TASK INSTRUCTIONS:
Your copy should match the listing below word for word, with no images in it.

COLLECTED MATERIAL:
- - -

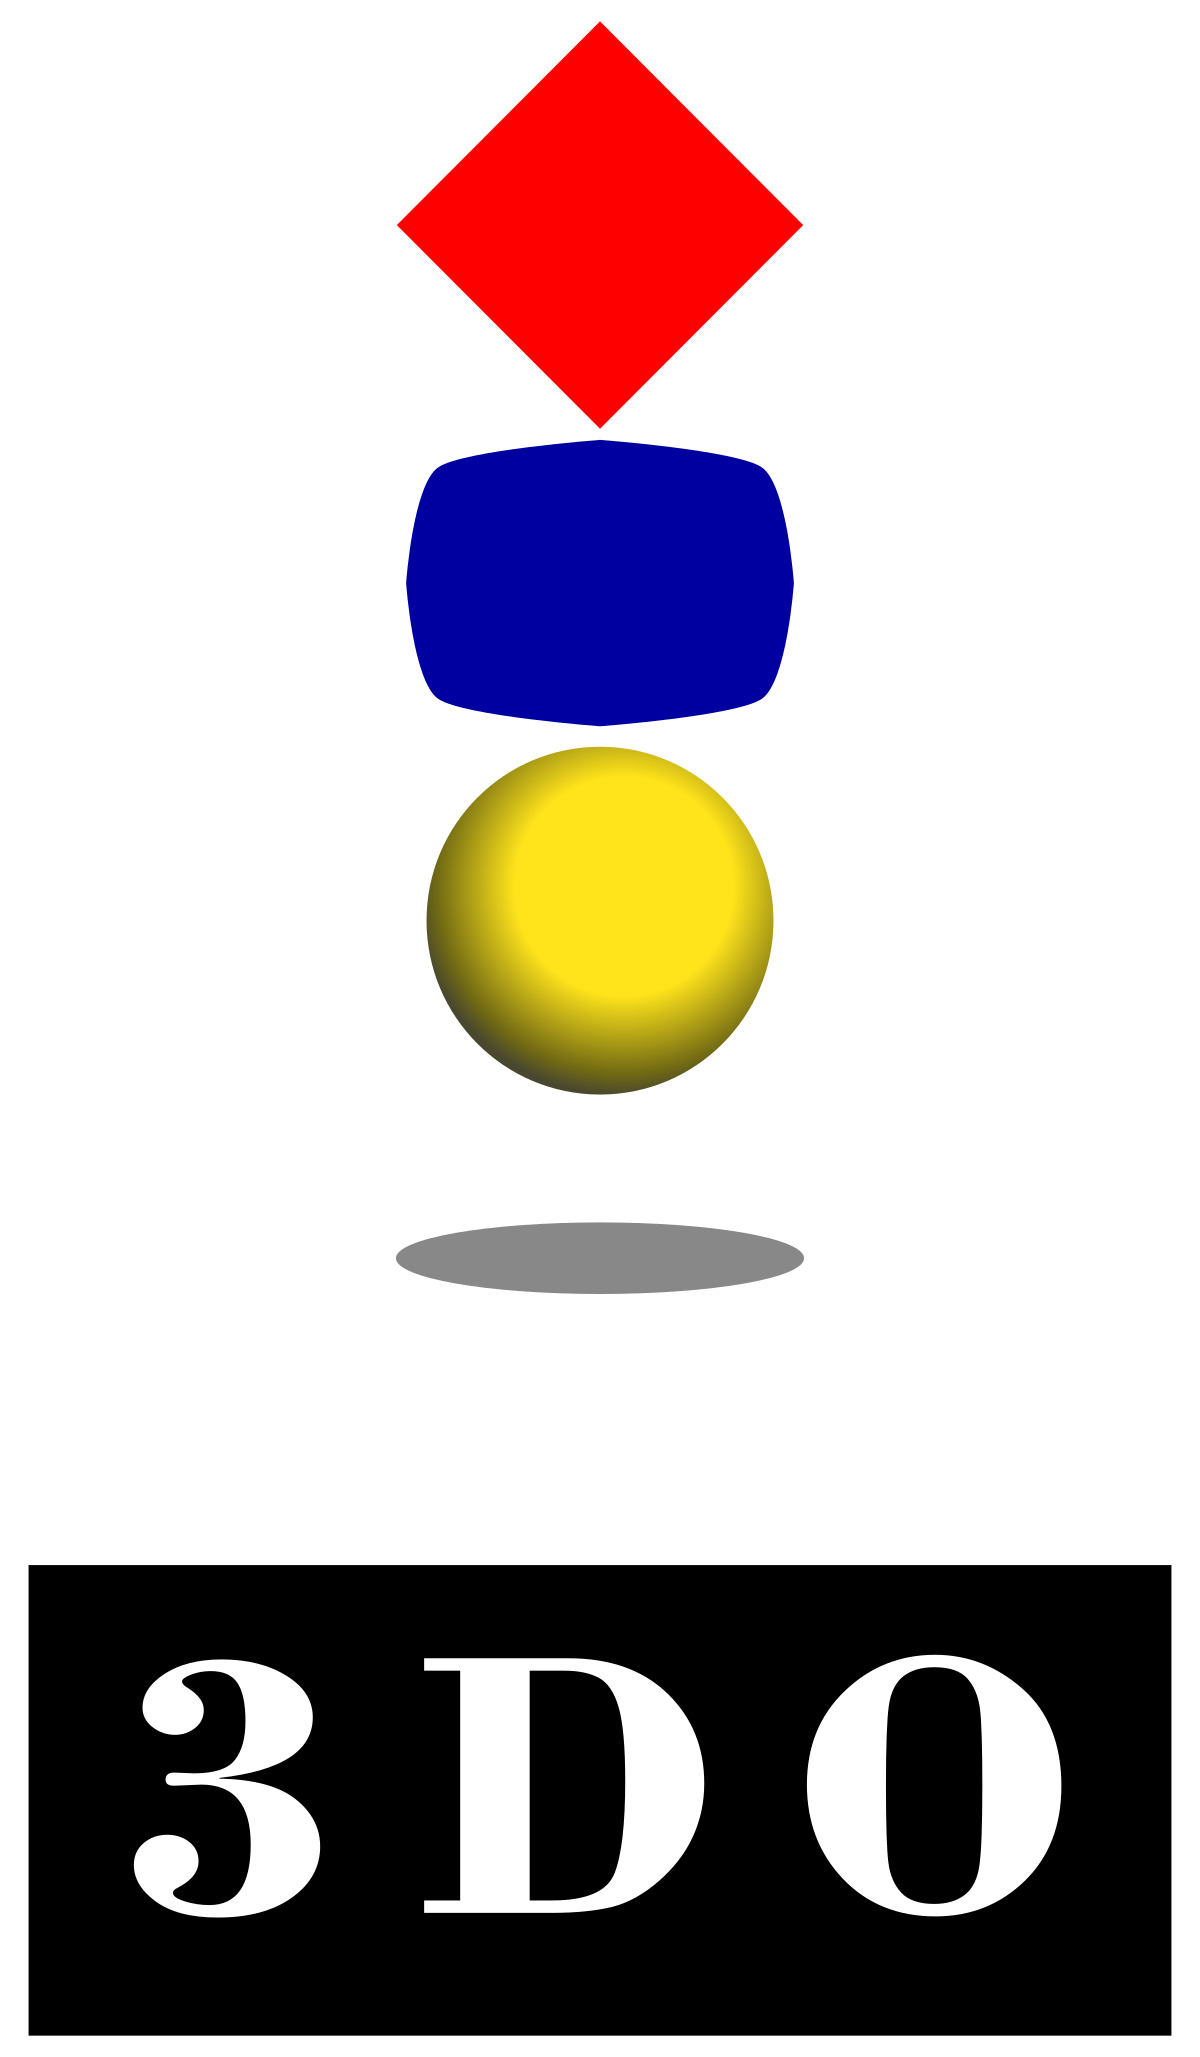 Download File:3DO Logo.svg - Wikimedia Commons
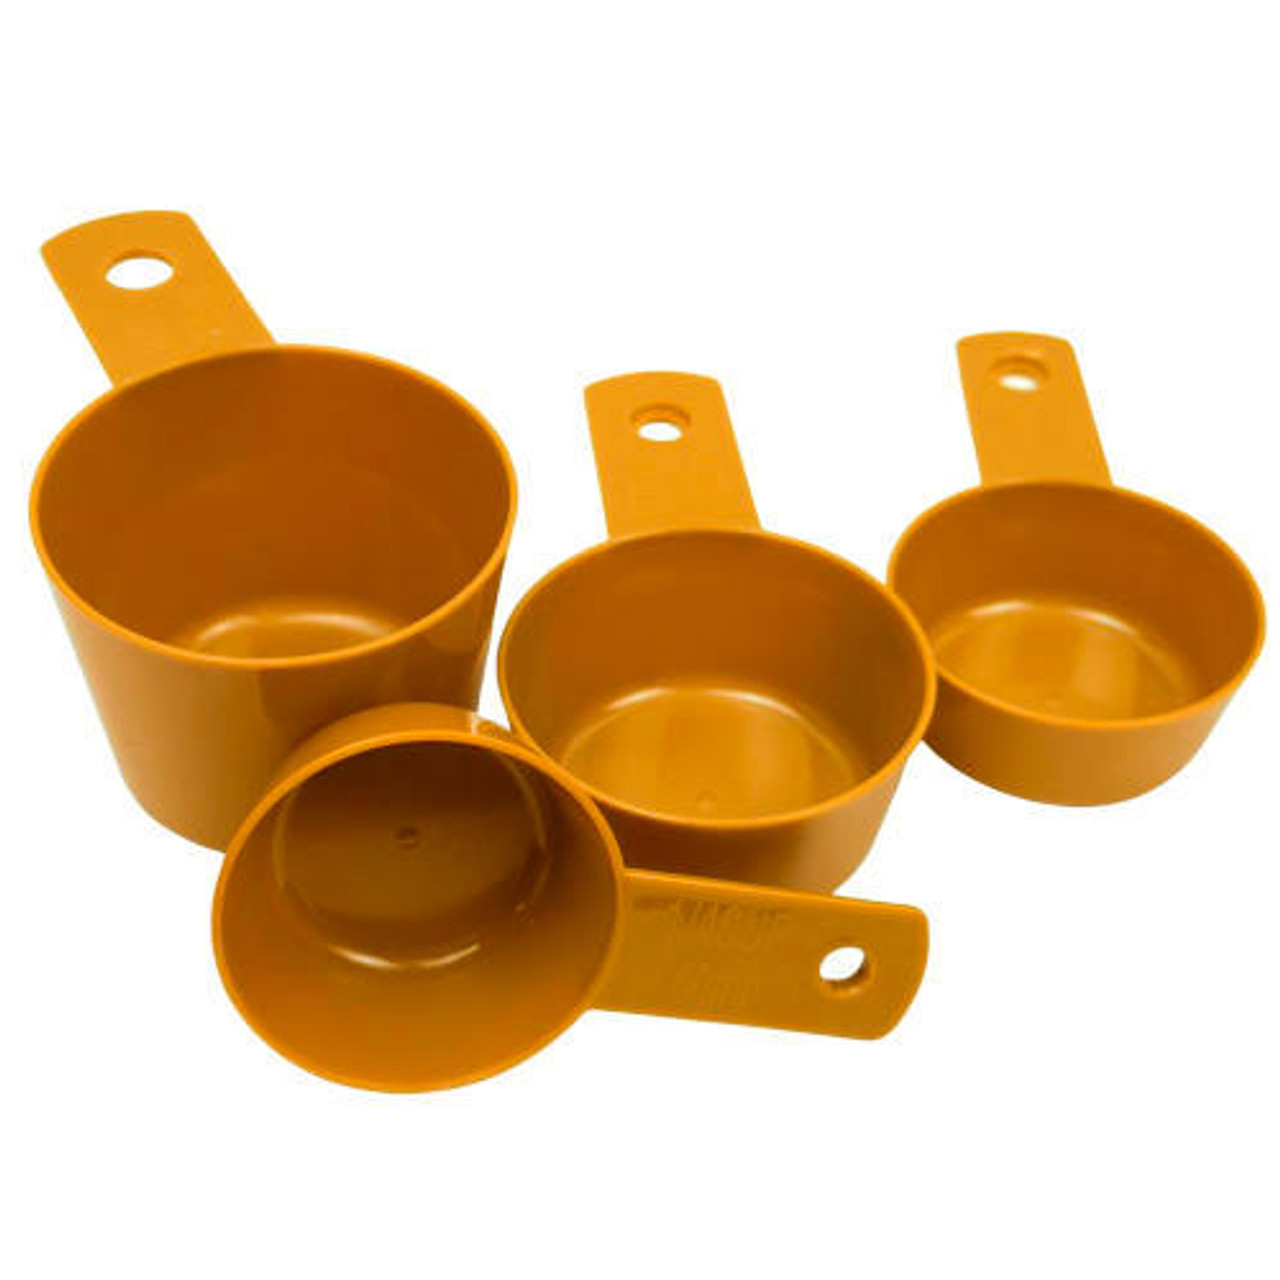 4-Piece Magnetic Measuring Cups – Paderno
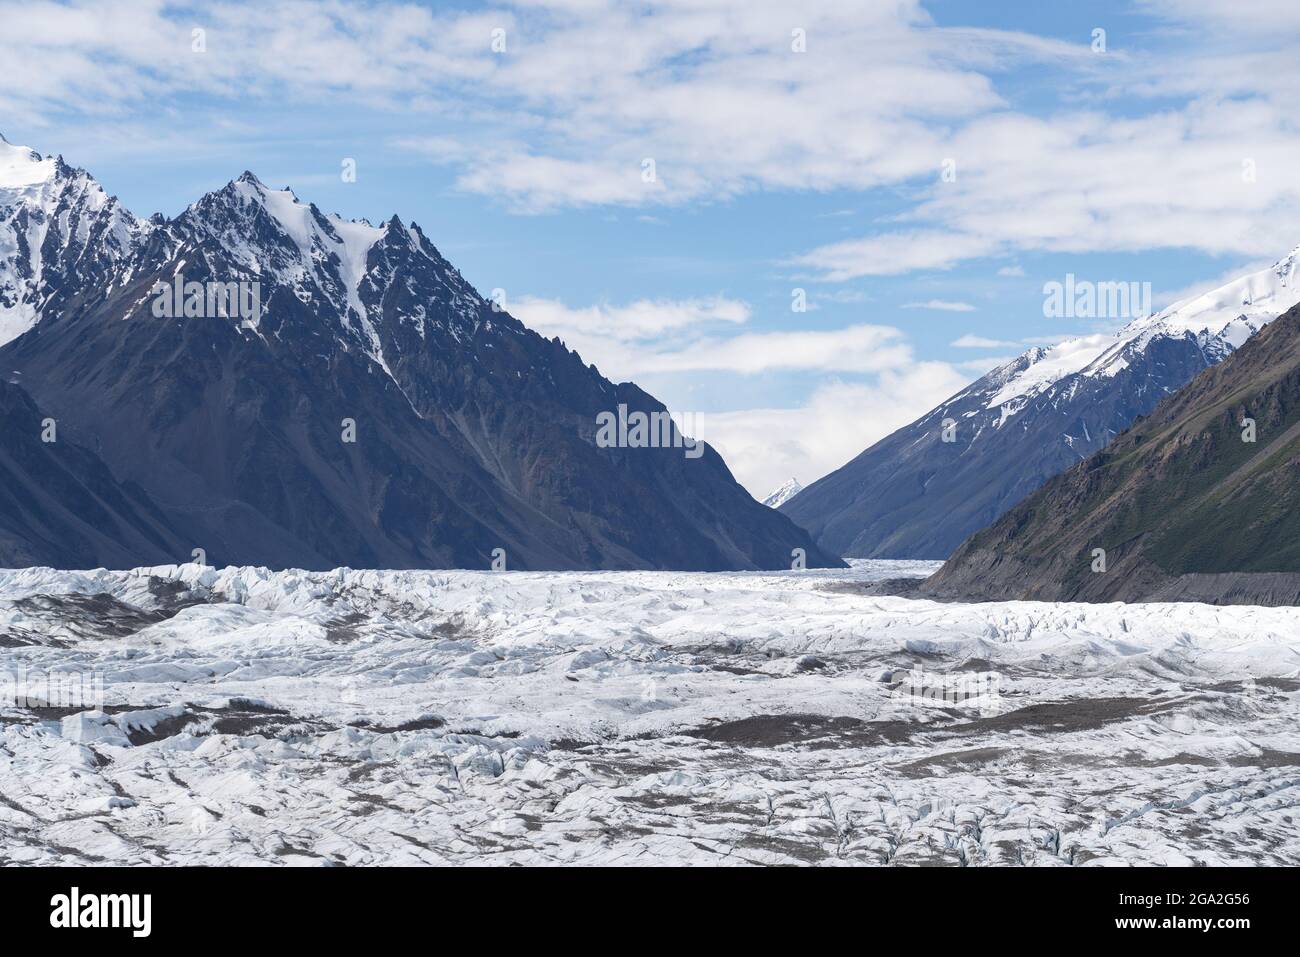 Massive glacial flow ice of the Donjek Glacier through the snowcapped mountain peaks; Kluane National Park and Reserve, Yukon, Canada Stock Photo
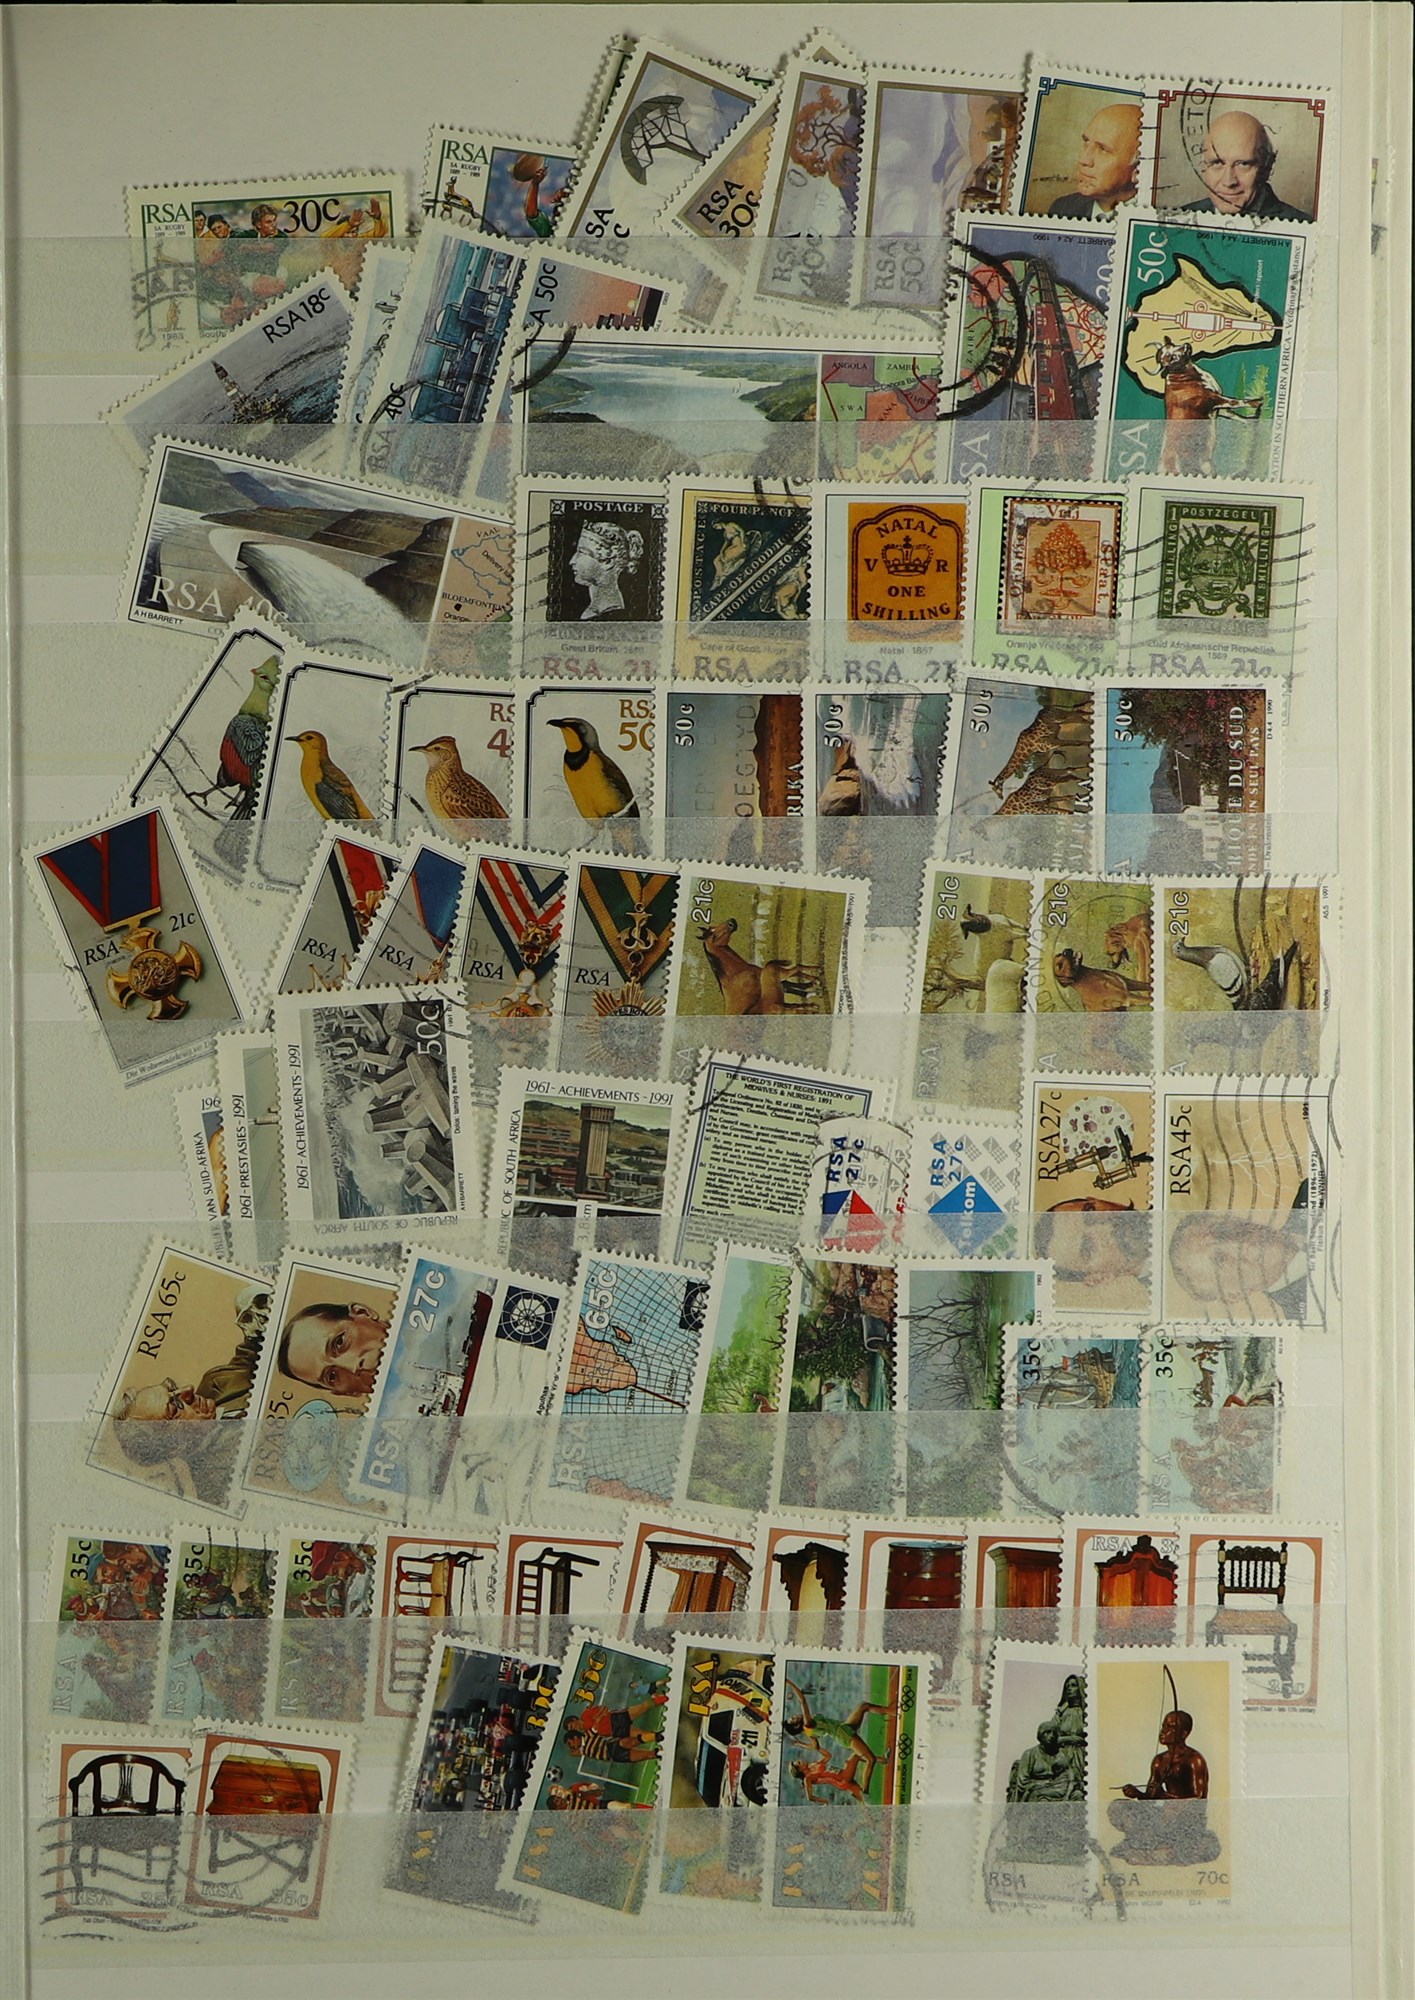 SOUTH AFRICA 1913 - 2000 COLLECTION / ACCUMULATION of 1500+ mint / never hinged mint & used stamps - Image 11 of 15

- - -

RESPONSE BELOW:
 Download File:3DO Logo.svg - Wikimedia Commons
 4-Piece Magnetic Measuring Cups – Paderno
 Massive glacial flow ice of the Donjek Glacier through the snowcapped mountain peaks; Kluane National Park and Reserve, Yukon, Canada Stock Photo
 SOUTH AFRICA 1913 - 2000 COLLECTION / ACCUMULATION of 1500+ mint / never hinged mint & used stamps - Image 11 of 15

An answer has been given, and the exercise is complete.